The point is this: patients without clinical evidence of awareness may have positive findings using other modalities (such as fMRI or electrophysiological studies), and these findings may prompt a change in diagnosis and/or clinical management. In one study, 32 per cent of patients diagnosed as unresponsive on clinical grounds showed brain activity compatible with (minimal) consciousness on at least one functional neuroimaging test, and 69 per cent of these subsequently recovered consciousness. A 2016 meta-analysis of 37 studies involving more than a thousand patients revealed 20 per cent to be covertly aware, implying that ‘some tens of thousands of patients worldwide have been erroneously assumed to be ‘awake but unaware’, sometimes for decades at a time.’ These results are hardly insignificant and suggest that the RCP guidance is both unduly pessimistic and ripe for review. As to expense, another of the RCP’s objections, in most cases, the benefit of assessing PDOC patients with investigational neuroimaging would outweigh the costs. In any case, as the paper points out, costs would normally be the concern of NICE, not the RCP.
To withhold fMRI scanning from covertly conscious patients presumes their lack of capacity and rejects any possibility that some level of residual capacity might be found – the position taken by the RCP in their 2020 guidance. If life-preserving treatment in the form of CANH is then withdrawn, it is possible the patient may be aware whilst being dehydrated and sedated to death.
This is not only unethical but also illegal. In determining what is in an (incompetent) patient’s best interests, the 2005 MCA requires the decision-maker to consider ‘so far as is reasonably ascertainable’ the person’s past and present wishes and feelings. Even if a patient is conscious but not competent, their wishes and feelings are nevertheless relevant. To withhold fMRI scanning is to deprive a covertly aware patient of the means whereby they might participate in ‘best interests’ decisions being made about them. Functional MRI scanning potentially brings that patient’s present wishes and feelings within the realm of the ‘reasonably ascertainable.’
Moreover, the withdrawal of life-sustaining treatment and care from patients who, if scanned and found conscious, would have wanted to have their treatment and care continued, may breach their right to life under legislation related to human rights and discrimination on the grounds of disability.
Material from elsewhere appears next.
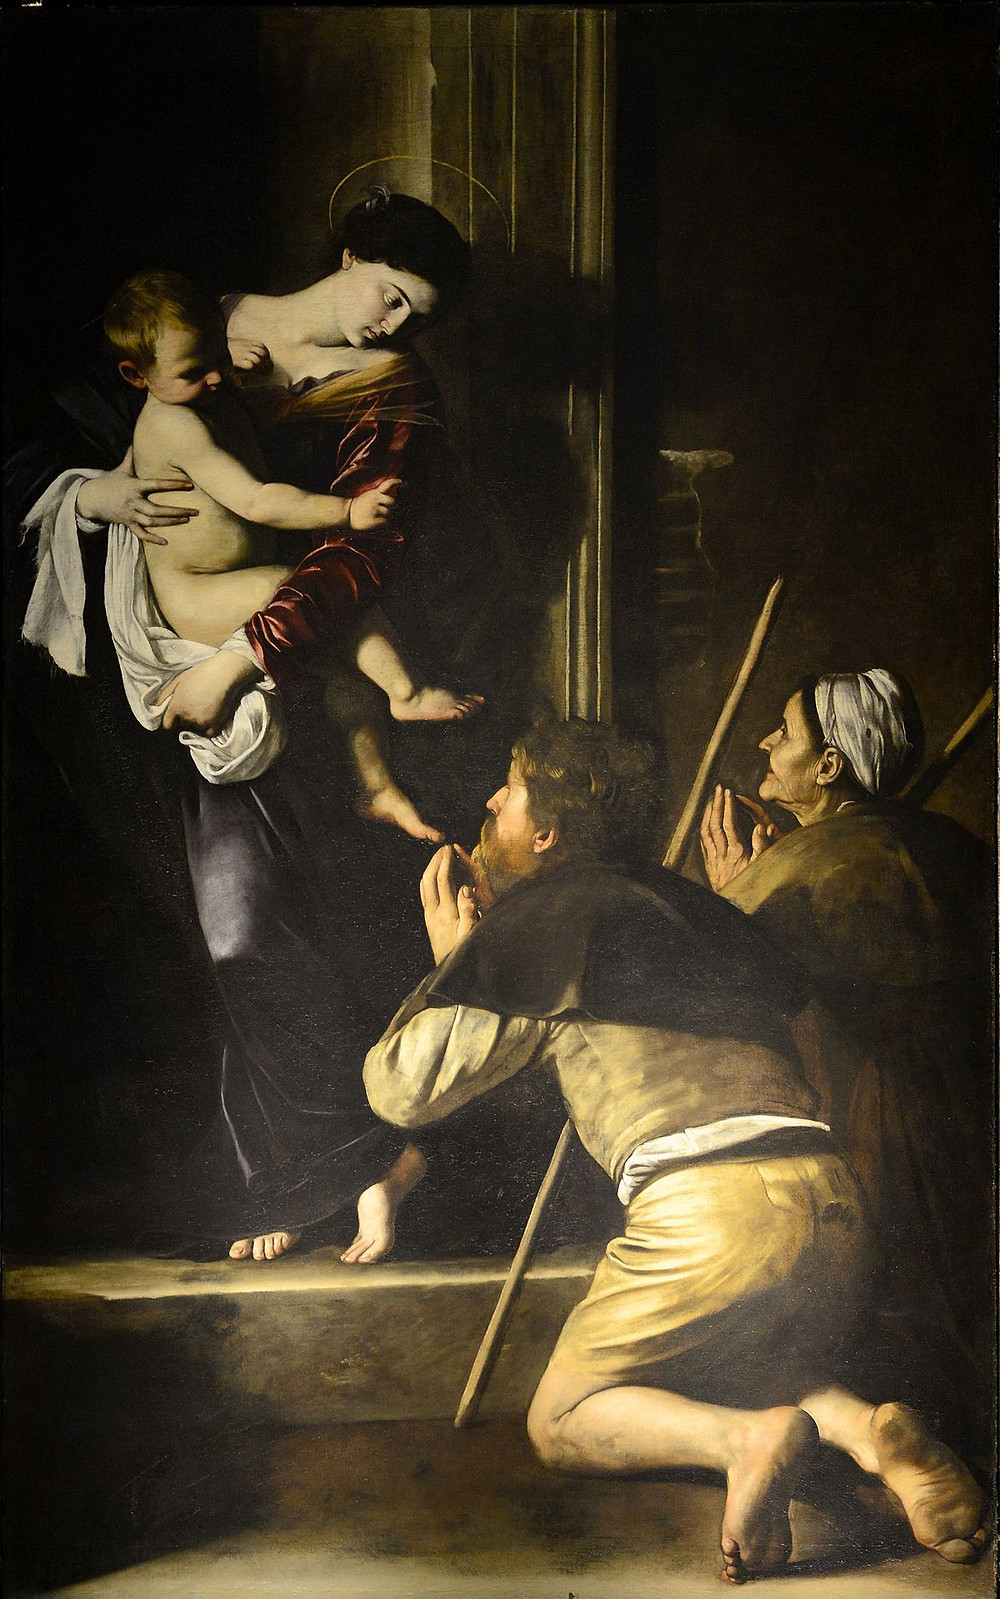 Caravaggio, Madonna di Loreto - Pilgrim's Madonna,1604-1606)
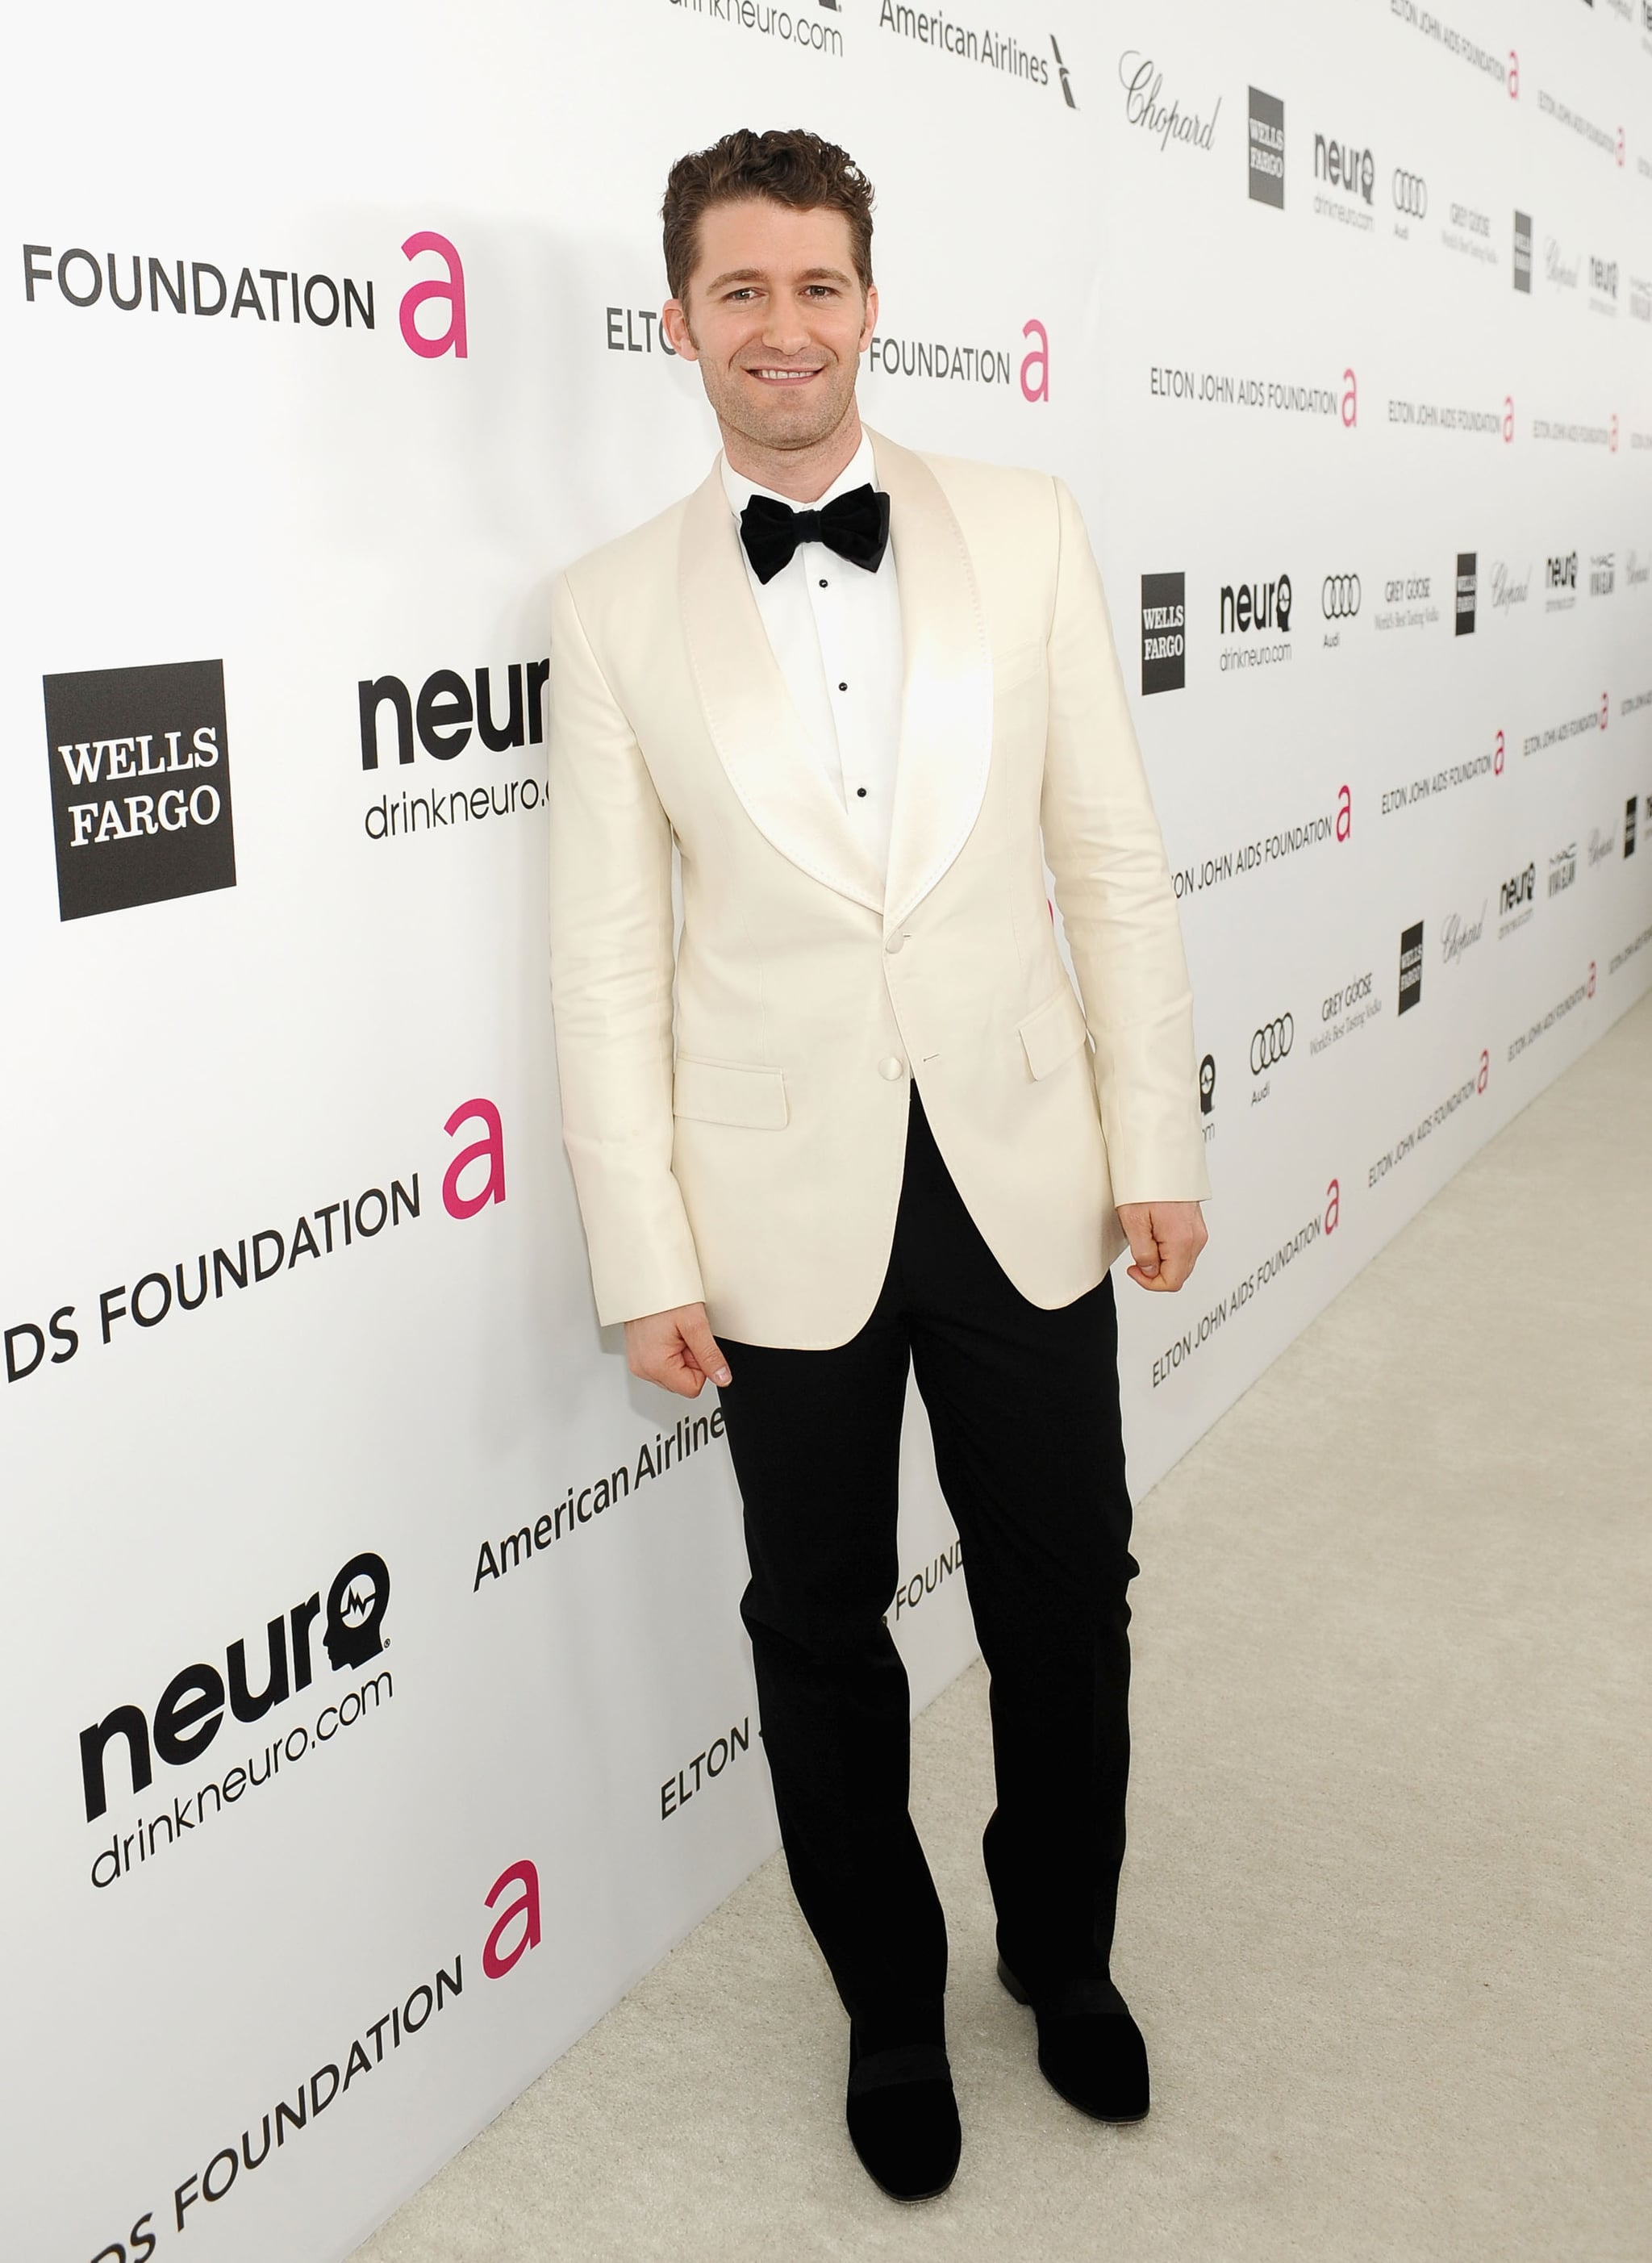 Matthew Morrison wore a white jacket to Elton John's Oscar party in LA.

The paper concludes: ‘[The RCP’s] views on the value of neuroimaging and EEG in PDOC merit urgent reconsideration. Whilst research into this area is continuing apace, we believe there is already sufficient evidence to warrant a revision of the UK guidance so as to bring it into closer alignment with the US guidance.’
We would add that the clinical, ethical, and legal reasons to do so are compelling.
[1] A UK register of patients in PDOC was first recommended in RCPs PDOC National Clinical Guidelines (p25) in 2013 and is still awaited.